- Major Studies
- Advisory Reports
- Valuation Data
The deployment of broadband technologies is driving Internet usage throughout the world--and vice-versa. Compiling statistics from a variety of reliable sources, Computer Economics estimates the total number of Internet users globally to be approximately 1.25 billion. This figure represents a worldwide Internet penetration level of roughly 17% (based on a global population estimate of 6.57 billion according to the U.S. Census Bureau as of February, 2007). The global Internet penetration level continues to grow at a brisk pace, and we project that it will reach 20% of the total world population by 2008. In other words, by sometime next year, one out of every five people in the world will be a user of the Internet.
Much of the new growth is coming from Africa, the Middle East, and Asia. While a few Asian countries (led by Japan, South Korea, and Taiwan) have high Internet penetration levels, it will be some time before the majority of the countries in these regions reach double digit penetration levels. Exceptions to this are Turkey and Vietnam, which currently boast Internet penetration levels of 21% and 17% respectively. Additionally, China currently has an Internet penetration rate of over 9% and Indonesia 8%--both countries are experiencing strong growth and will hit double digit growth figures this year.
As shown Figure 1, the United States still leads all countries in terms of total Internet users, but drops to second place on the list when viewed from the perspective of Internet penetration. Australia now holds a slight lead over the U.S. in terms of penetration, with Canada, Japan, and South Korea rounding out the top five. Filling out the rest of the top ten (in order, from 6th place) are the United Kingdom, Germany, Taiwan, Italy, and France.

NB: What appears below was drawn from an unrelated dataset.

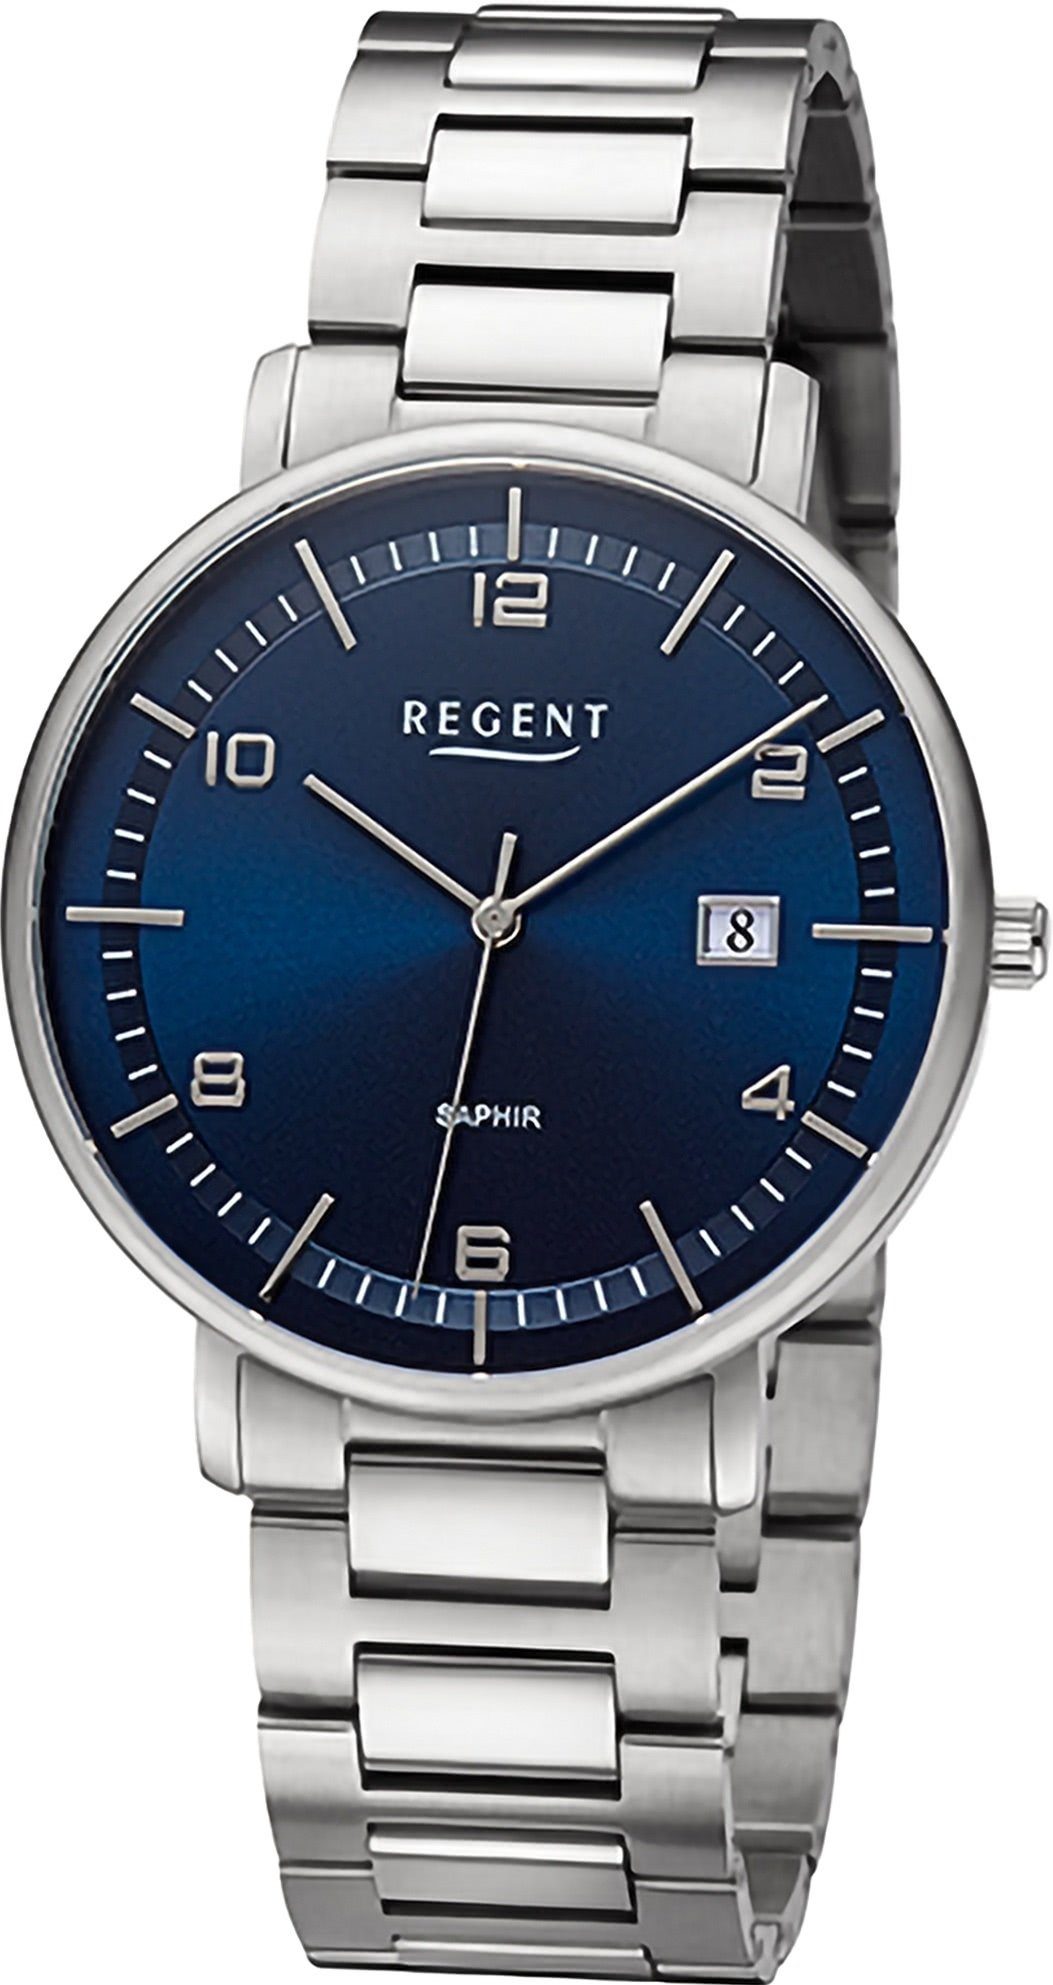 Armbanduhr Uhrzeit rund, Analog, Armbanduhr Herren Regent extra Metallarmband, Regent groß (ca. 42mm), Herren Quarzuhr

With the exception of Italy and France, all of the top ten countries have Internet penetration levels above 60% (Italy currently has a 52% penetration level; France, 50%). After the top ten, Internet penetration levels quickly dip below 20%, clearly indicating that even in countries with large Internet communities there is still plenty of growth to come. The most notable example of this is India which has 40 million Internet users but a penetration rate of only 3.5%.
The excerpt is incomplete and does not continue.